> AIM OF THE EXERCISE: Once the line containing "Tamer Hassan and" is found in the entries below, reproduce it and every line after it, stopping at and including the line containing "Kobe Bryant Quote"; reproduce nothing else, and keep each line exact.

> RECORDS FOR THIS TASK:

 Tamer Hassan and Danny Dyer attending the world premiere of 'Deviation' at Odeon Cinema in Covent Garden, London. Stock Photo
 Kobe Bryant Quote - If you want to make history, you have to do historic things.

==

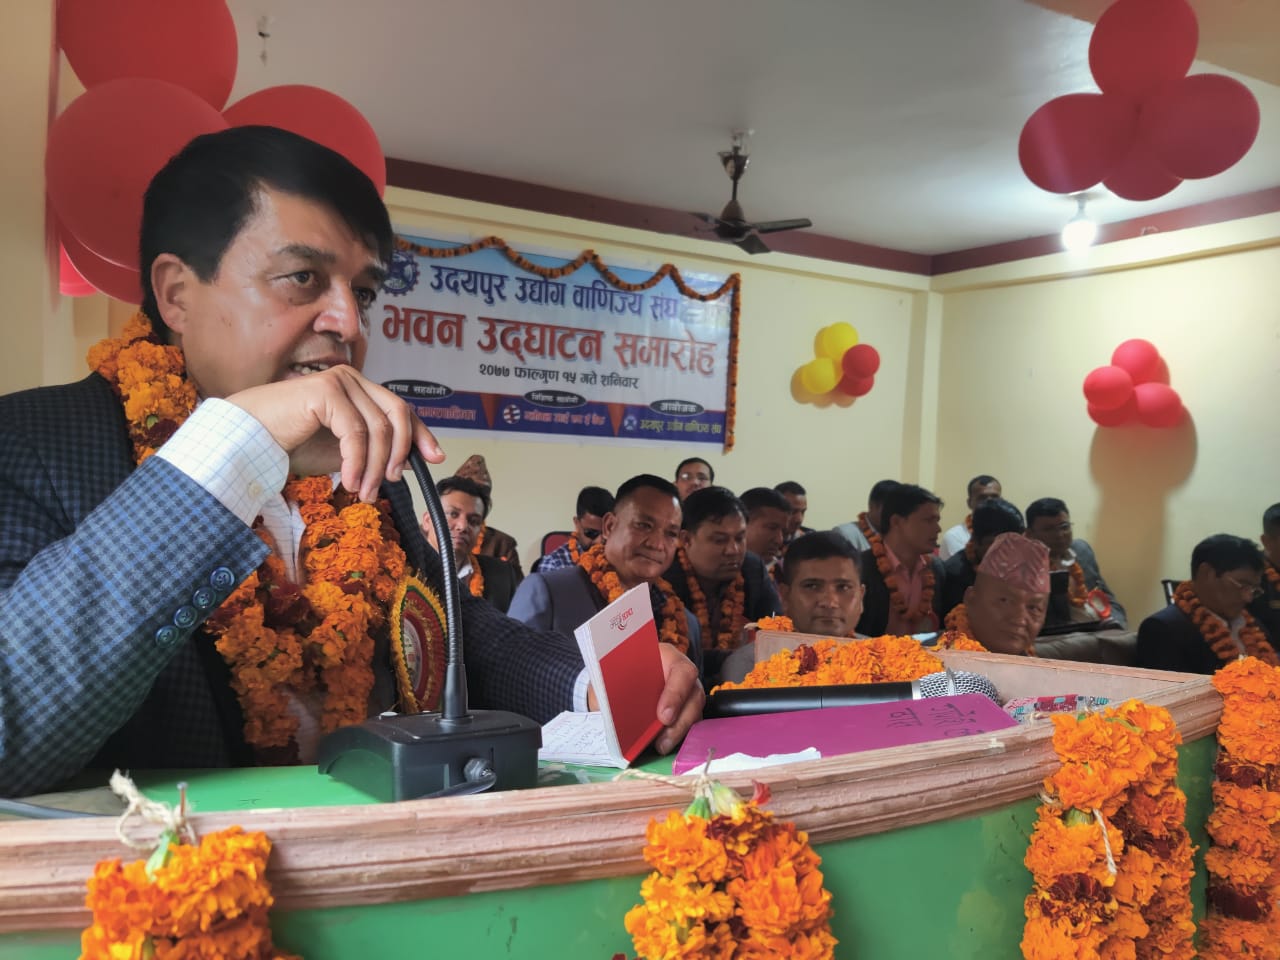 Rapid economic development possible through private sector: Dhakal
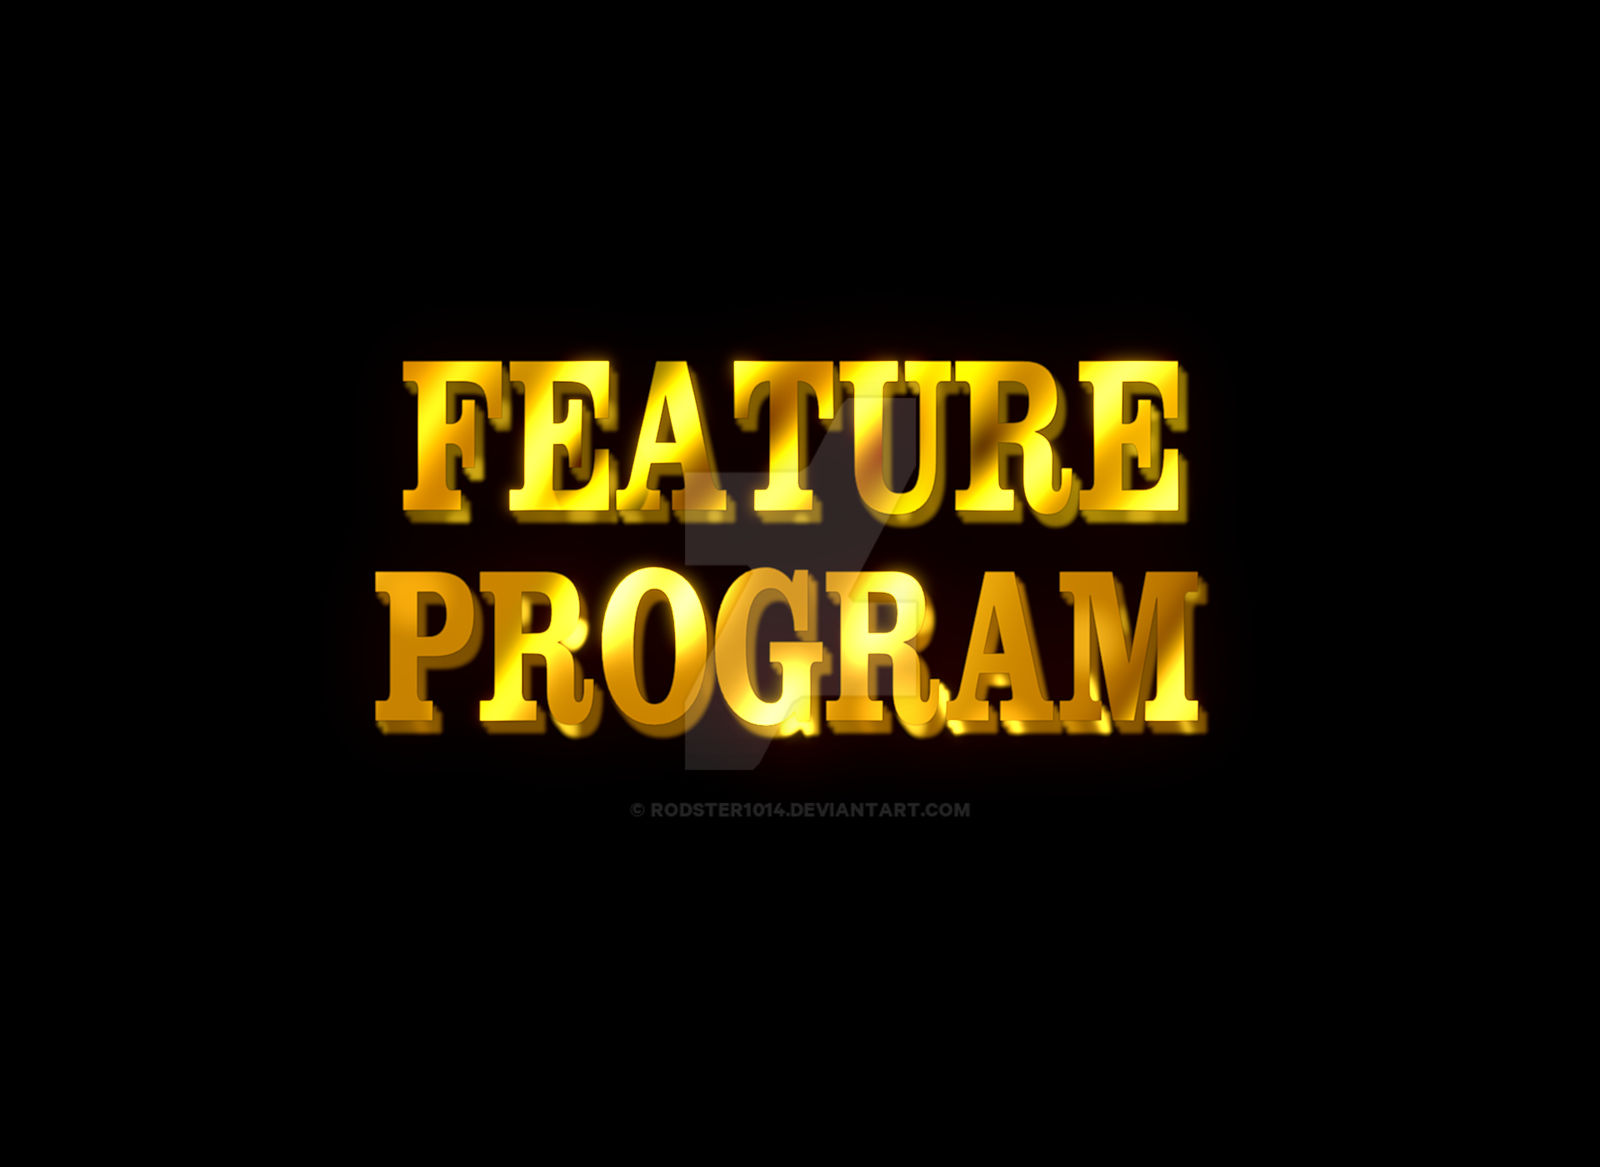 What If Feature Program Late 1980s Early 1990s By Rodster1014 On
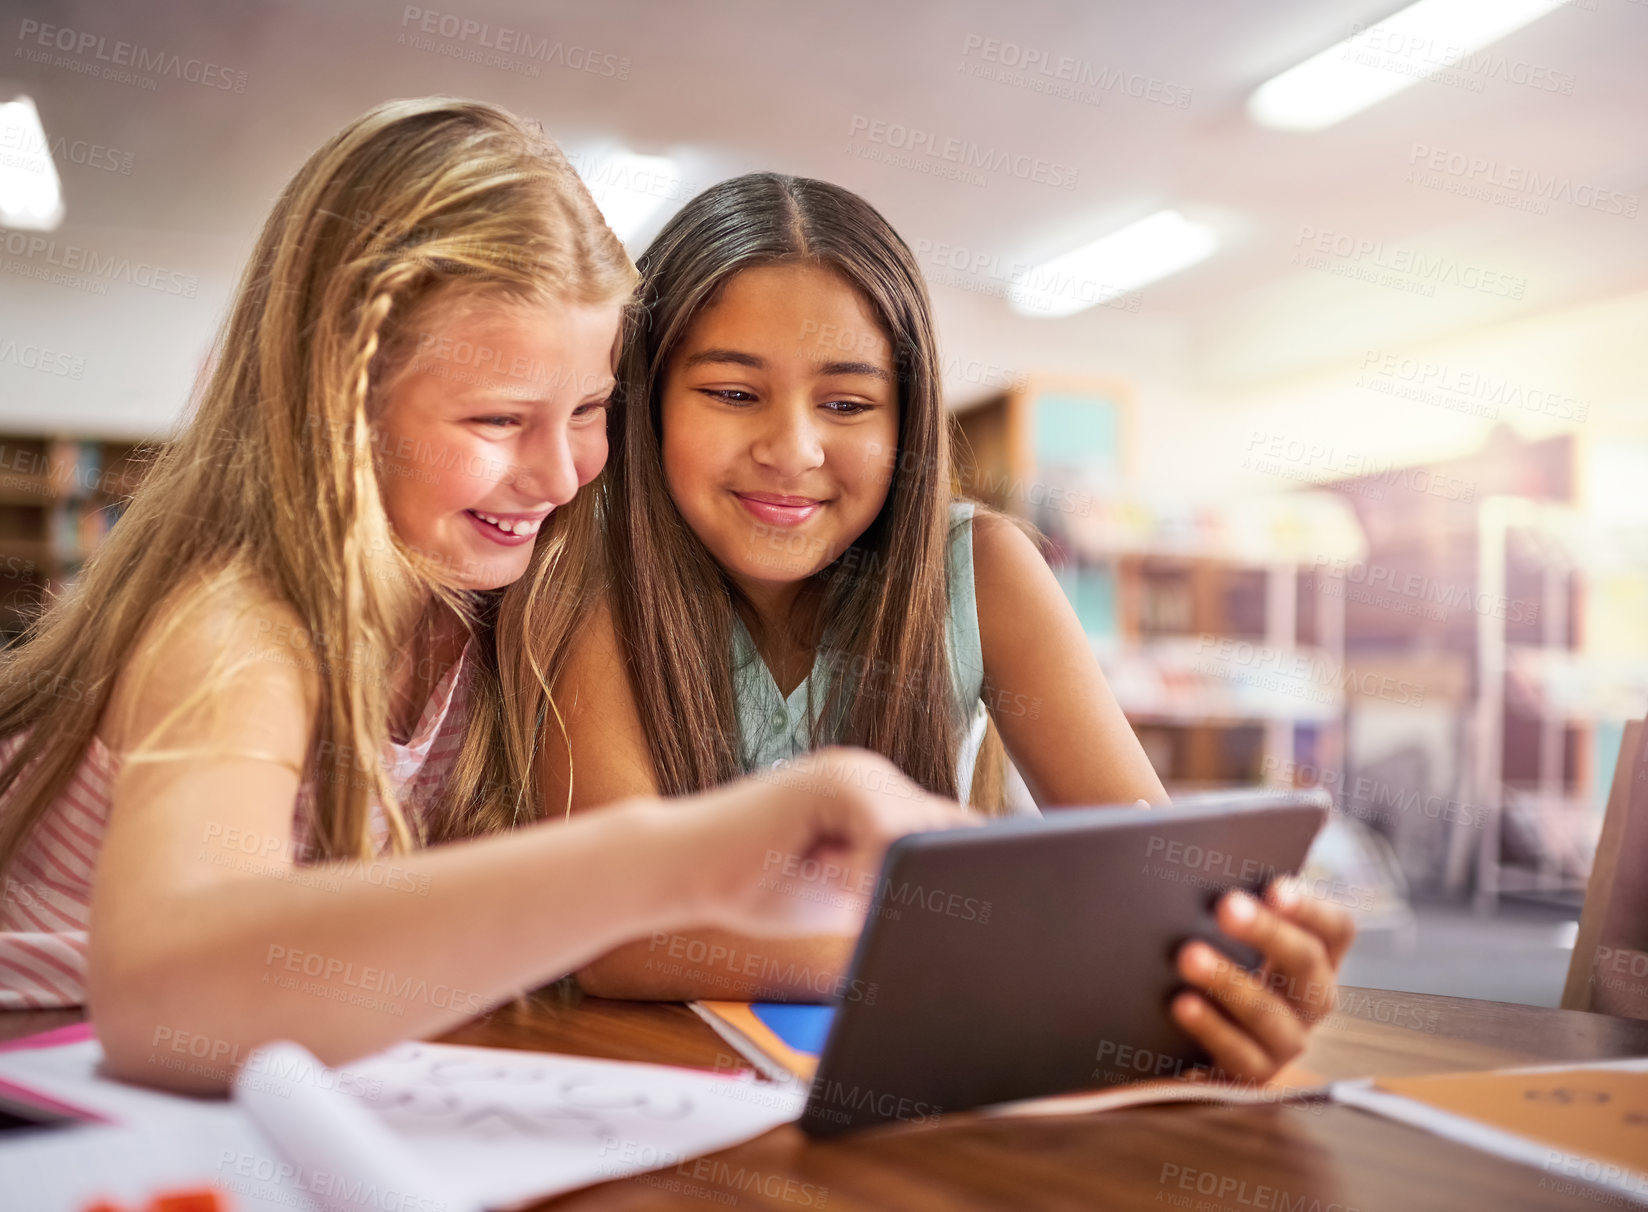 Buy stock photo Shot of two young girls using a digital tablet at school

--

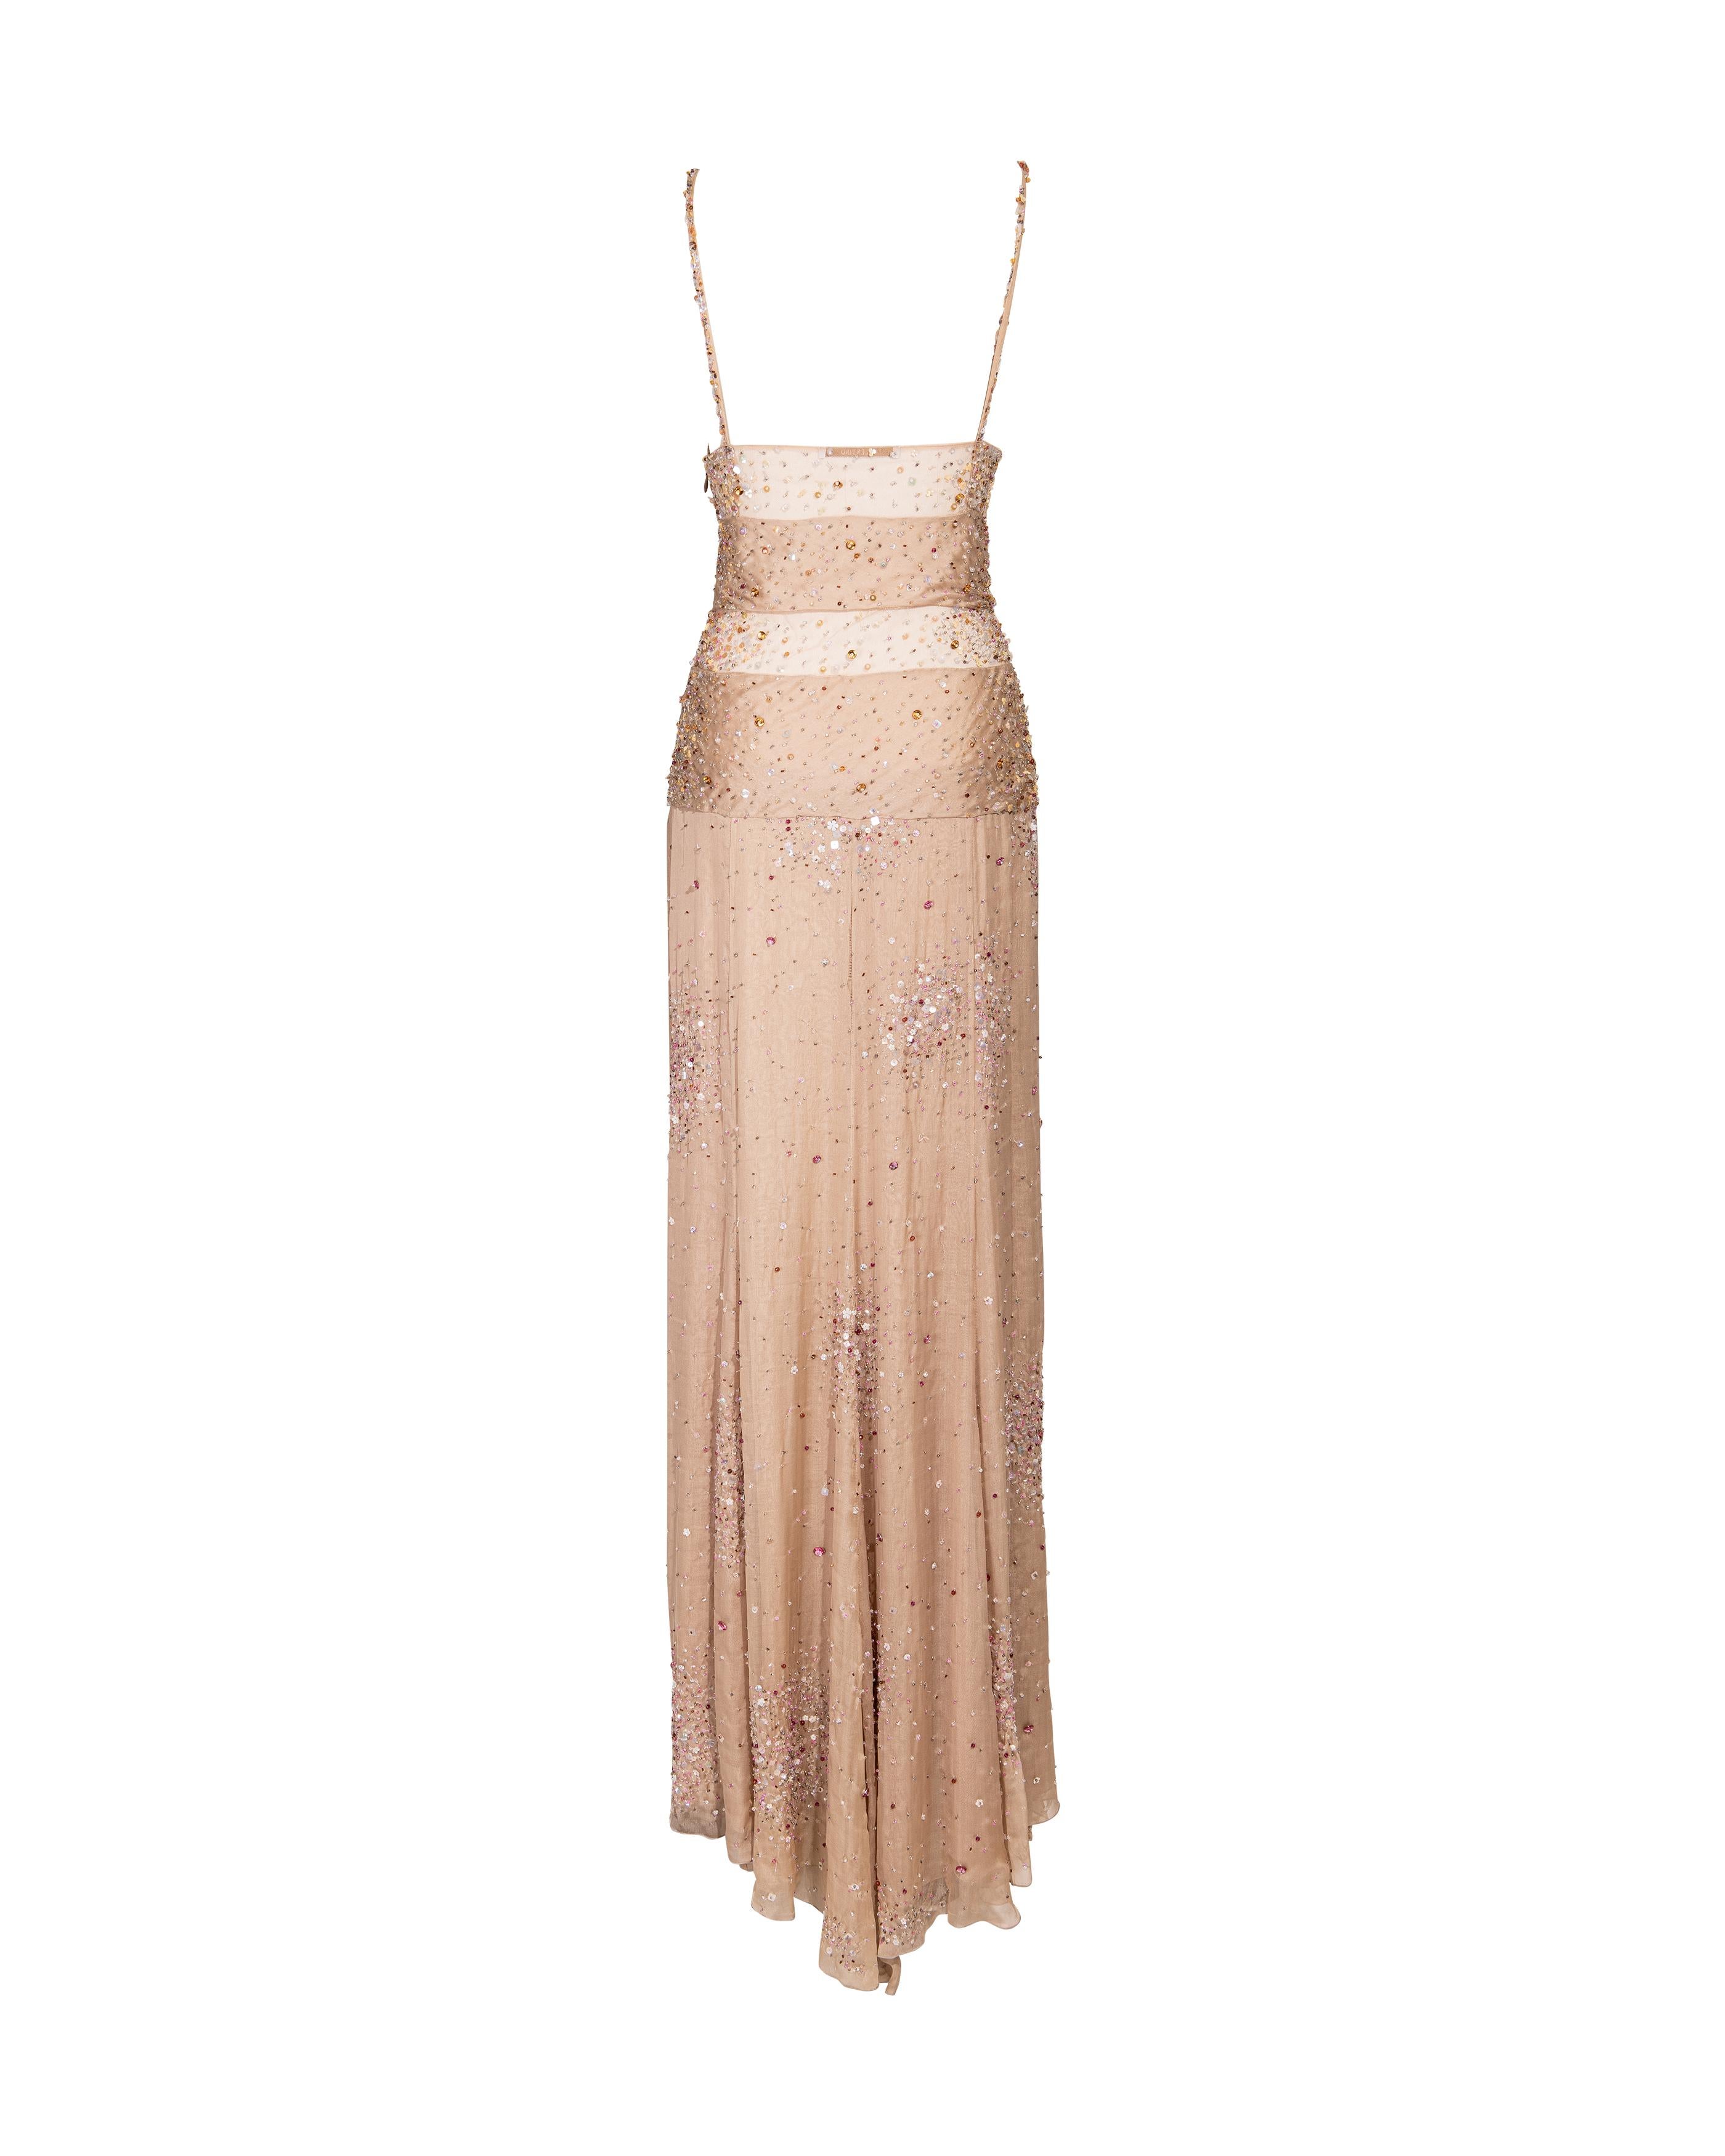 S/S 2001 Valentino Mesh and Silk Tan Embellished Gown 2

> THE ANSWER:
 Tamer Hassan and Danny Dyer attending the world premiere of 'Deviation' at Odeon Cinema in Covent Garden, London. Stock Photo
 Kobe Bryant Quote - If you want to make history, you have to do historic things.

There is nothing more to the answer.